Second refrigerating circulation system; It is from branch between above-mentioned first heat exchanger and above-mentioned first decompressor; Second decompressor, above-mentioned inner heat exchanger, second compressor, the 3rd decompressor are connected successively, between above-mentioned first compressor and above-mentioned first heat exchanger, collaborate once more.

2. heat pump assembly as claimed in claim 1 is characterized in that, above-mentioned second refrigerating circulation system also possesses radiating component between above-mentioned second compressor and above-mentioned the 3rd decompressor.

3. heat pump assembly as claimed in claim 2 is characterized in that,

Above-mentioned radiating component is second heat exchanger; Be provided in above-mentioned first heat exchanger fluid that carries out after the heat exchange with the cold-producing medium that flows through above-mentioned first refrigerating circulation system and circulate to above-mentioned second heat exchanger, in above-mentioned second heat exchanger and the cold-producing medium that flows through above-mentioned second refrigerating circulation system carry out heat exchange.

4. heat pump assembly as claimed in claim 3 is characterized in that,

Above-mentioned heat pump assembly also possesses control part, and this control part is adjusted the aperture of above-mentioned the 3rd decompressor, so that make the condensing pressure of above-mentioned second heat exchanger higher than the condensing pressure of above-mentioned first heat exchanger.
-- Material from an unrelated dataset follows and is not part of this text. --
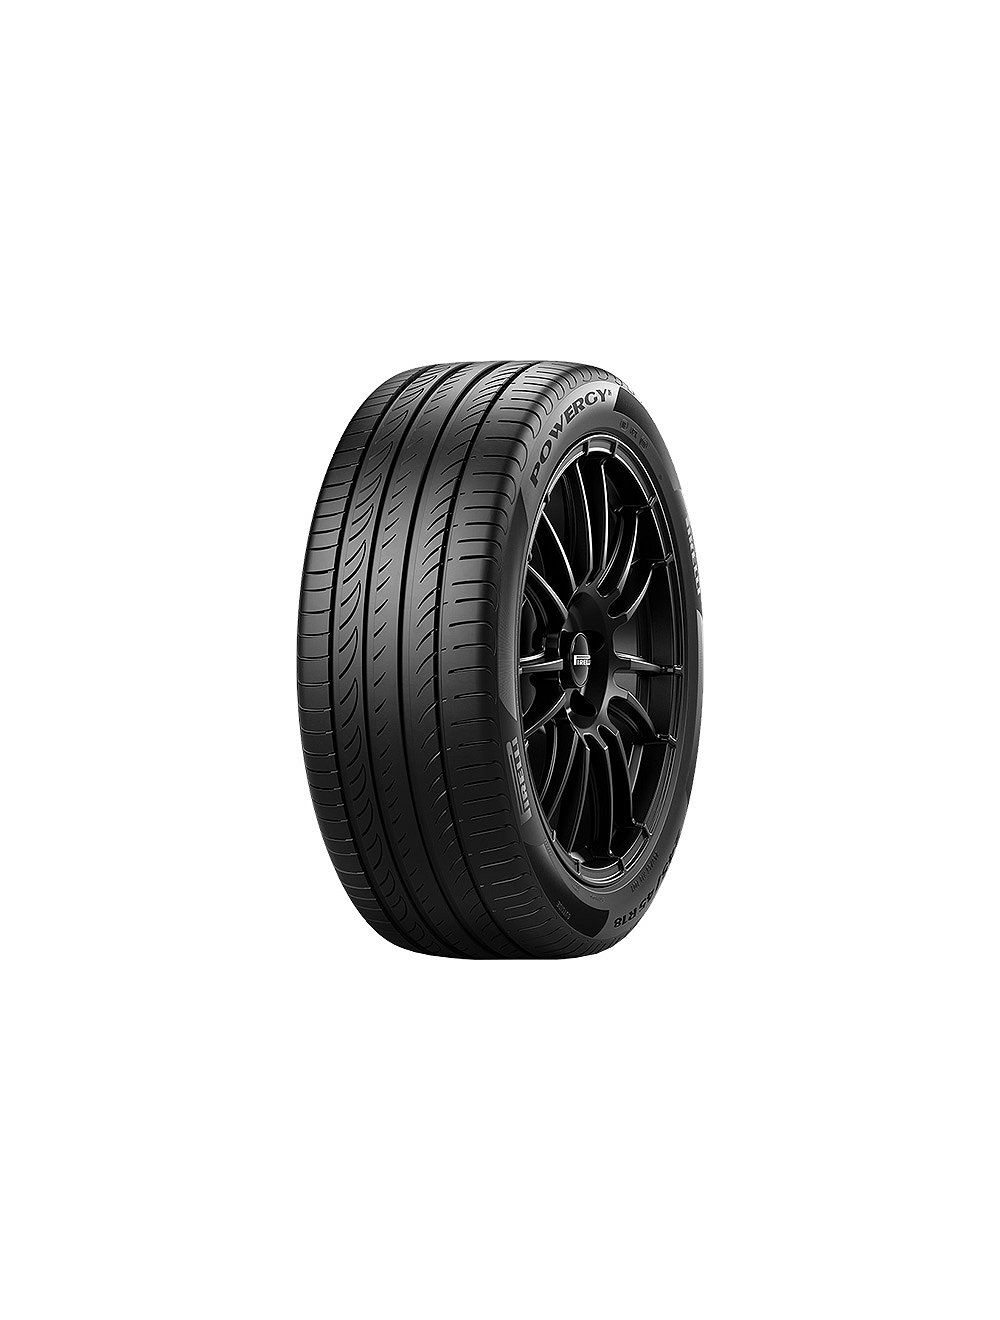 Pirelli 255/35R20 Y Powergy XL Nyári gumi

5. heat pump assembly as claimed in claim 4 is characterized in that,

Above-mentioned control part is controlled above-mentioned second compressor, so that make the evaporating pressure in above-mentioned second refrigerating circulation system higher than the evaporating pressure in above-mentioned first refrigerating circulation system.

6. like each the described heat pump assembly in the claim 3 to 5, it is characterized in that,

Above-mentioned first heat exchanger is water-refrigerant heat exchanger that water and the cold-producing medium that flows through above-mentioned first refrigerating circulation system are carried out heat exchange,

7. heat pump assembly as claimed in claim 6 is characterized in that,

Any at least one of above-mentioned first heat exchanger and above-mentioned second heat exchanger is plate stack type heat exchanger.

8. heat pump assembly as claimed in claim 2 is characterized in that,

Above-mentioned radiating component is made up of near the pipe arrangement the lower end that is configured in above-mentioned evaporimeter.

9. heat pump assembly as claimed in claim 1 is characterized in that,

Above-mentioned second refrigerating circulation system also possess a plurality of radiating components of being configured in side by side between above-mentioned second compressor and above-mentioned the 3rd decompressor and

Radiating component switching device shifter, this radiating component switching device shifter switch the cold-producing medium that flows through above-mentioned second refrigerating circuit and flow to any of above-mentioned a plurality of radiating components.